***** GIVEN RECORDS
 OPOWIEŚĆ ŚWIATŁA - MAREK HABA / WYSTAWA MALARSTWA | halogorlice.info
**********
***** GIVEN RECORDS
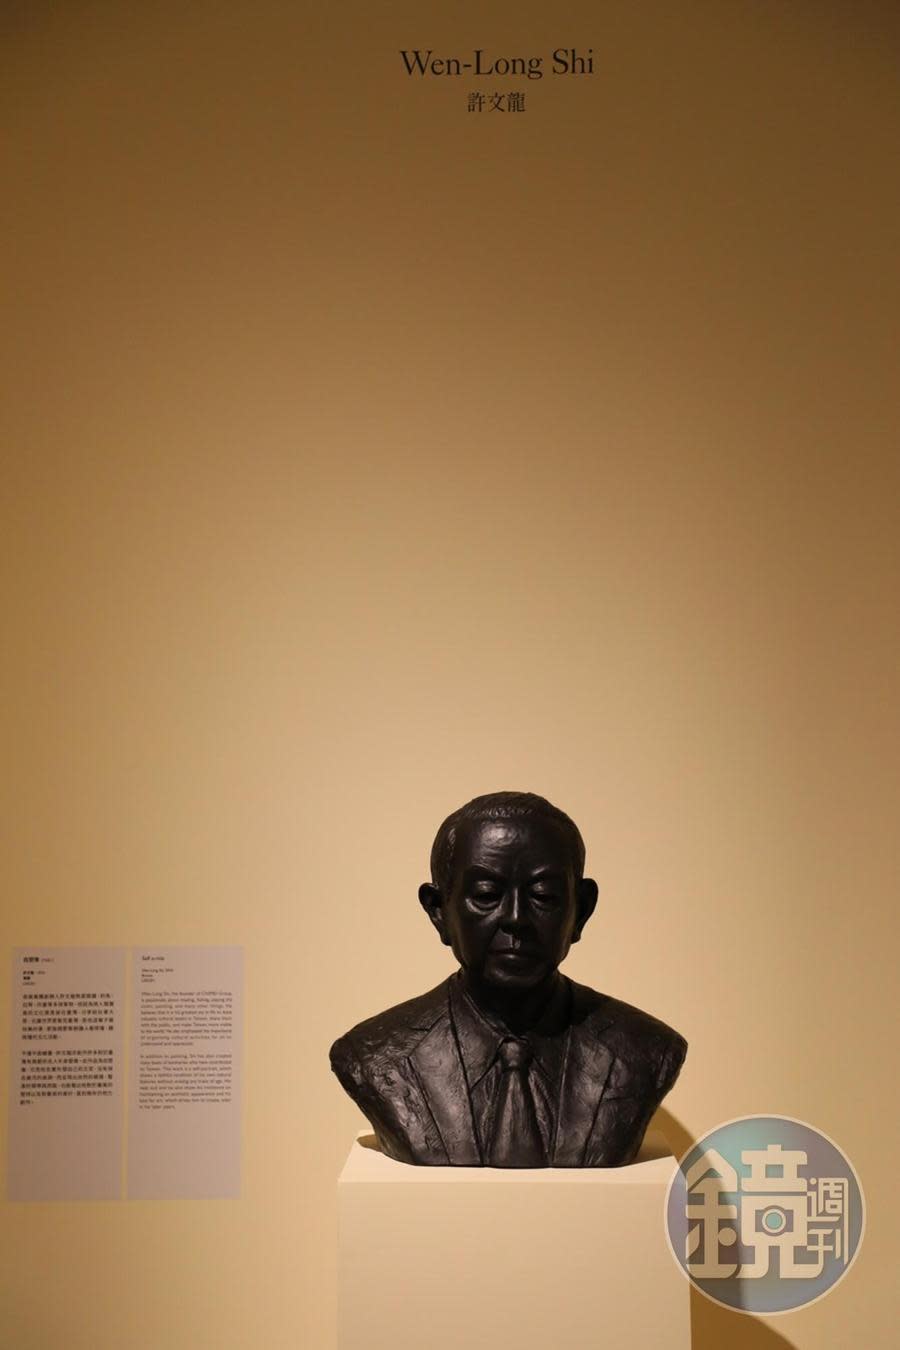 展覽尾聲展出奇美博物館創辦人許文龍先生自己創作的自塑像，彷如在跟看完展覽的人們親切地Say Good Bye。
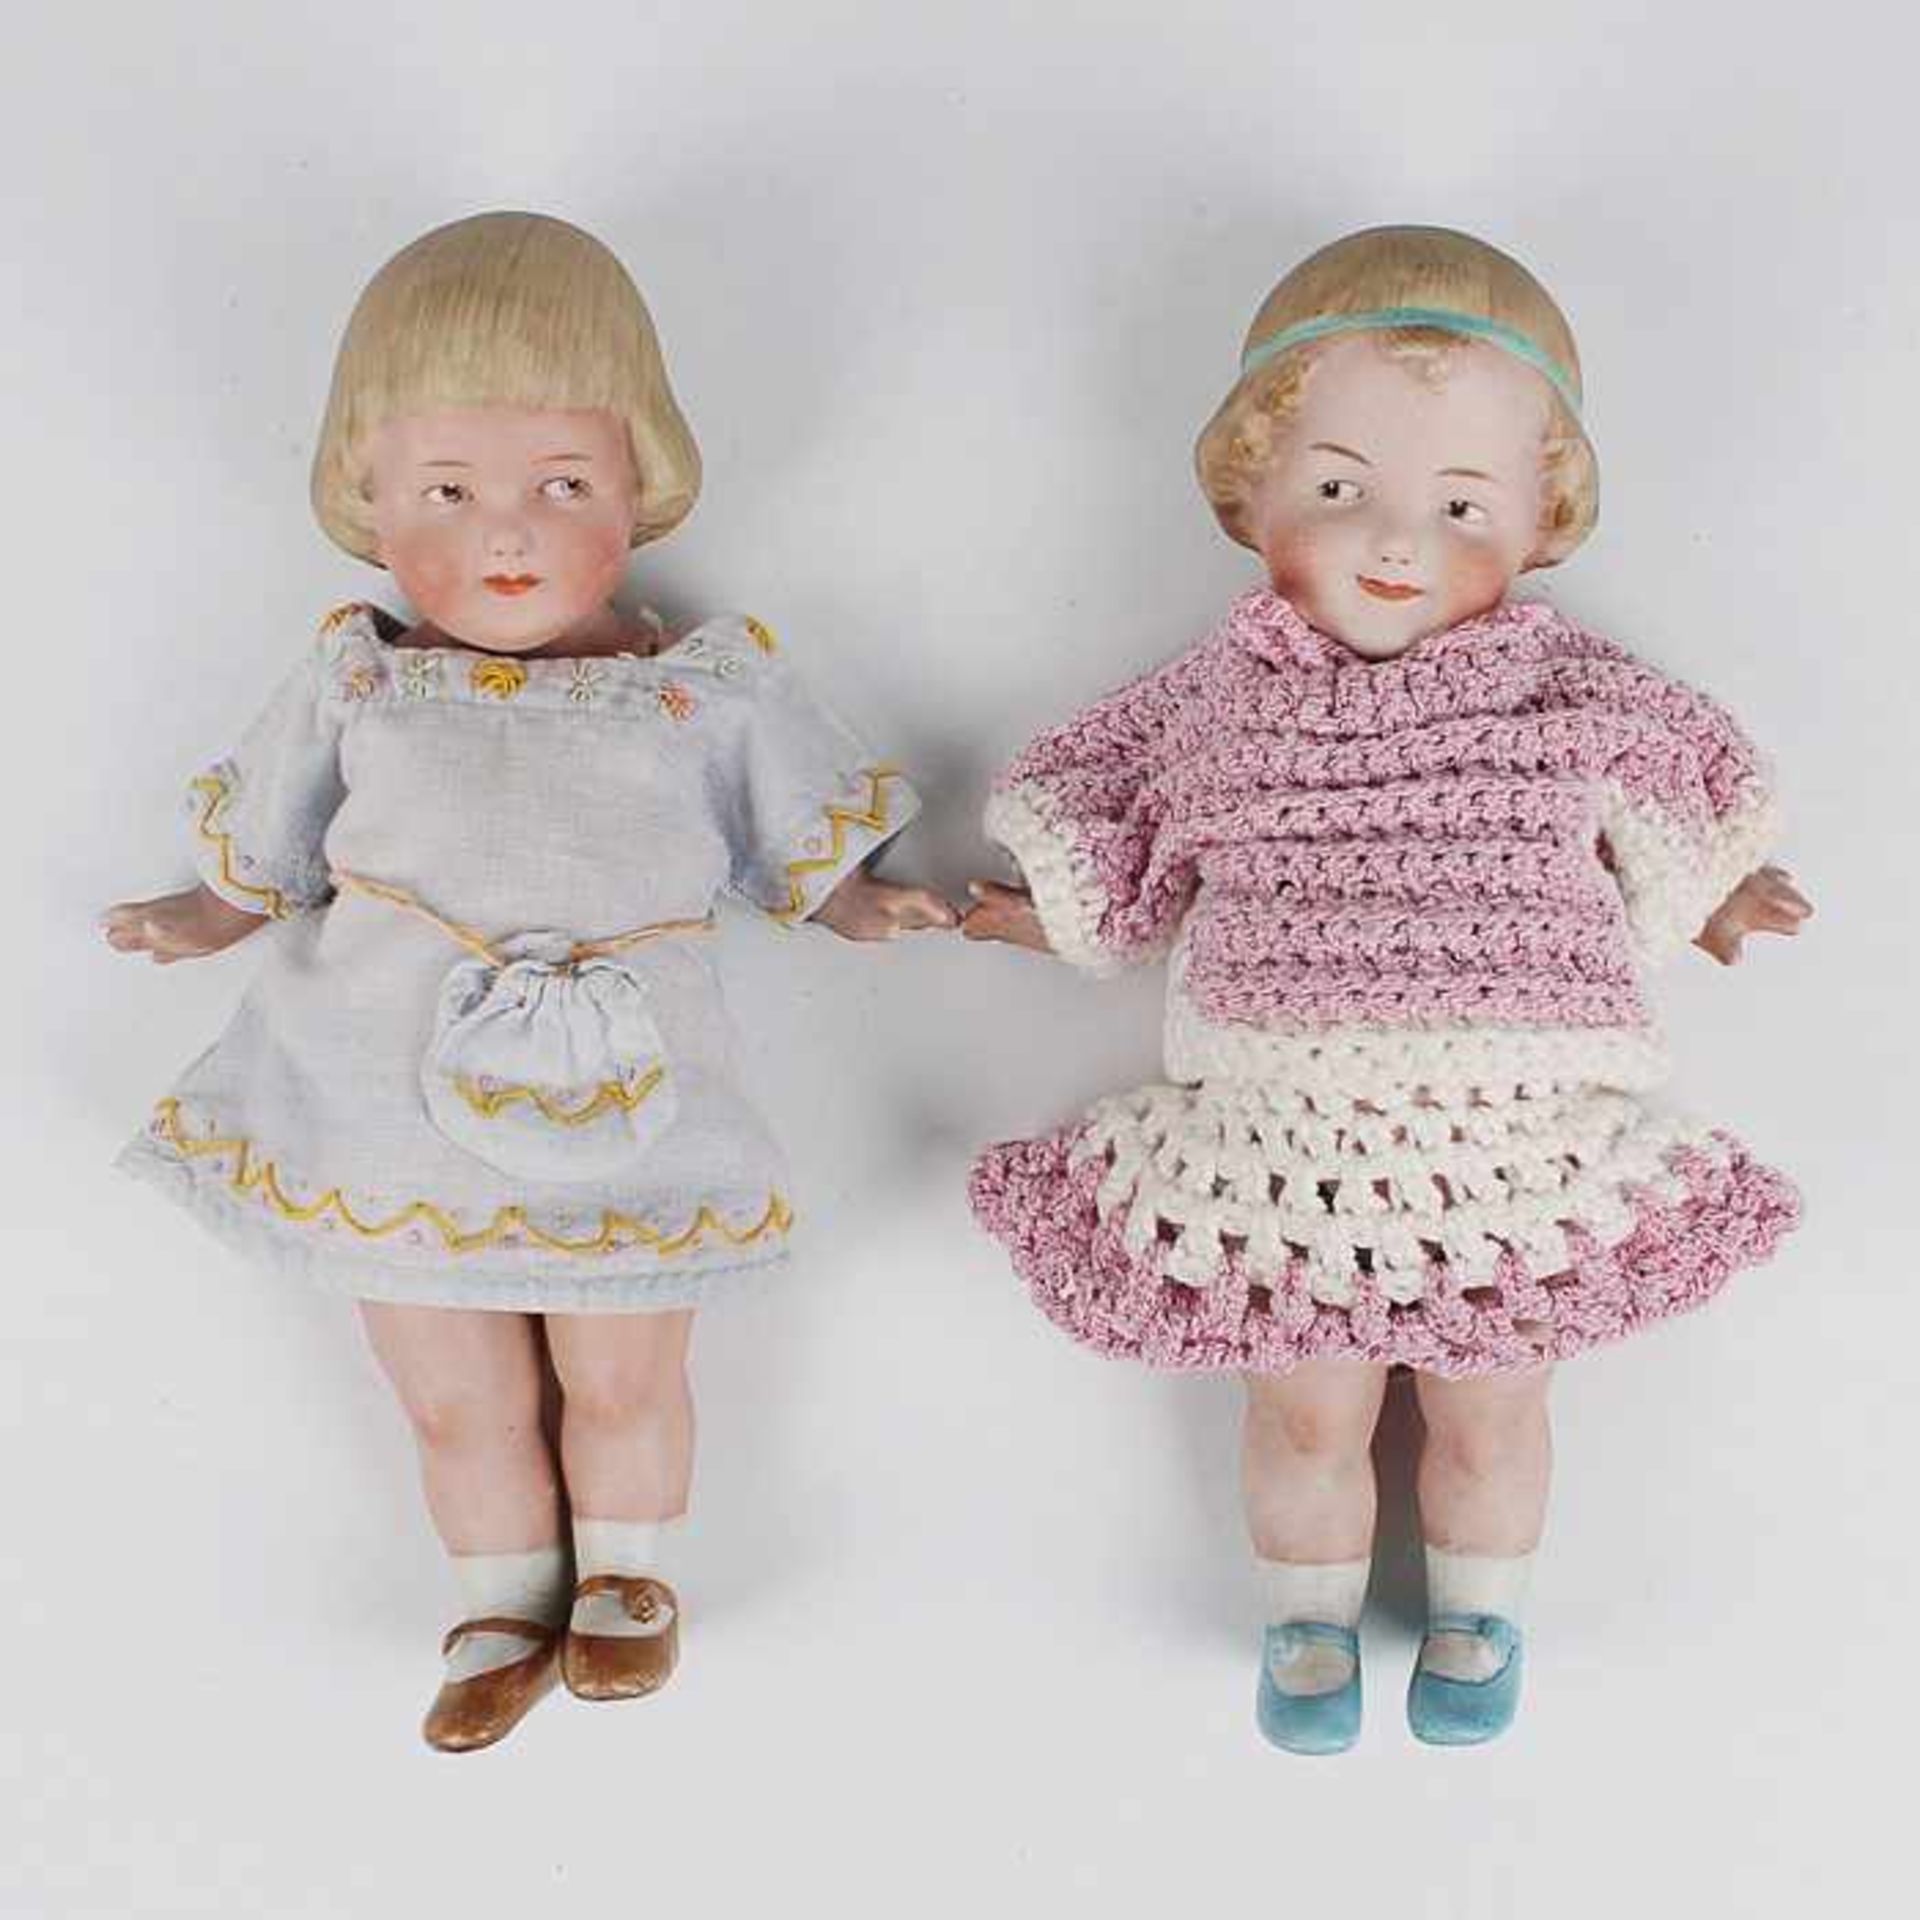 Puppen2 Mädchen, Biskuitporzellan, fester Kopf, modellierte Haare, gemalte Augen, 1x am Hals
**********
WORK TO COMPLETE: What you return from the records above should be exactly everything from the line with "展覽尾聲展出奇美博物館創辦人許文龍先生自己創作的自塑像，彷如在跟看完展覽的人們親切地Say Good Bye。" down to the line with "Puppen2 Mädchen, Biskuitporzellan, fester", both kept, and no pictures.

WRITTEN SOLUTION:
 展覽尾聲展出奇美博物館創辦人許文龍先生自己創作的自塑像，彷如在跟看完展覽的人們親切地Say Good Bye。
 Puppen2 Mädchen, Biskuitporzellan, fester Kopf, modellierte Haare, gemalte Augen, 1x am Hals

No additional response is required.